1

I have hundreds of CSV files in a google bucket. I add more data on a daily basis and then I reload the table using this bq command:

$ bq  load  --replace  --project_id=my_proj-123  my_dataset_id.fav_table gs://my_bucket/table_data/*  <my schema>

Unfortunately, some of my data has duplicates. Is there some way to load the tables but without duplicate rows?

Tudormi
  • 1,092
  • 7
  • 18
user1367204
  • 4,549
  • 10
  • 49
  • 78

1 Answers1

2

You cannot prevent inserting duplicates in your BigQuery table by using the bq command. But you can manually remove the duplicates after insertion:

#standardSQL
SELECT
  MAX(count) FROM(
  SELECT
    [ID_COLUMN],
    count(*) as count
  FROM
    `[TABLE_NAME]`
  GROUP BY
    [ID_COLUMN])

This query returns the highest number of duplicate entries, based on the id column. You, of course, have to have a unique identifier that would define what a duplicate is in the dataset (in this case duplicates are rows with the same value of the id column).
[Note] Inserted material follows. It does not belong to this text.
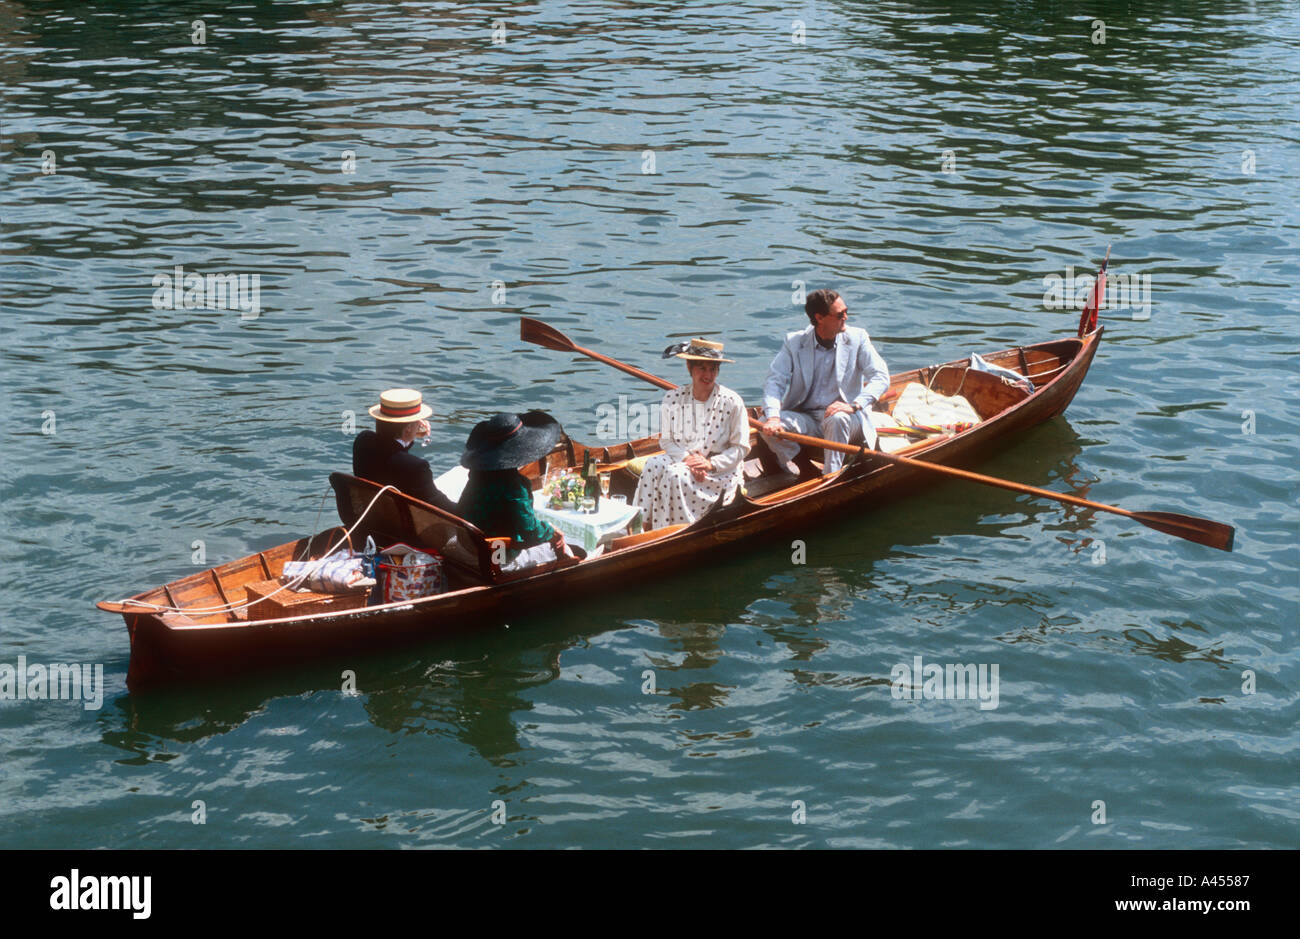 People in a double skiff at Henley Royal Regatta River Thames Henley on Thames Oxfordshire England UK Stock Photo

If the return of the query is >1, it means that duplicates exist. Then, by running the following query:

#standardSQL
SELECT
  * EXCEPT(row_number)
FROM (
  SELECT
    *,
    ROW_NUMBER()
          OVER (PARTITION BY [ID_COLUMN]) row_number
  FROM
    `[TABLE_NAME]`)
WHERE
  row_number = 1

you would receive a duplicate-free version of your table. Duplicates are recognised and unaccounted, again, via the id column and a helper column, row_number. Note that it is then suggested to write the results in a new table (there is no altering of the original table, just a select of non-duplicated data).

Also, this question has a partial answer here: https://stackoverflow.com/a/43587206/3615567.

Tudormi
  • 1,092
  • 7
  • 18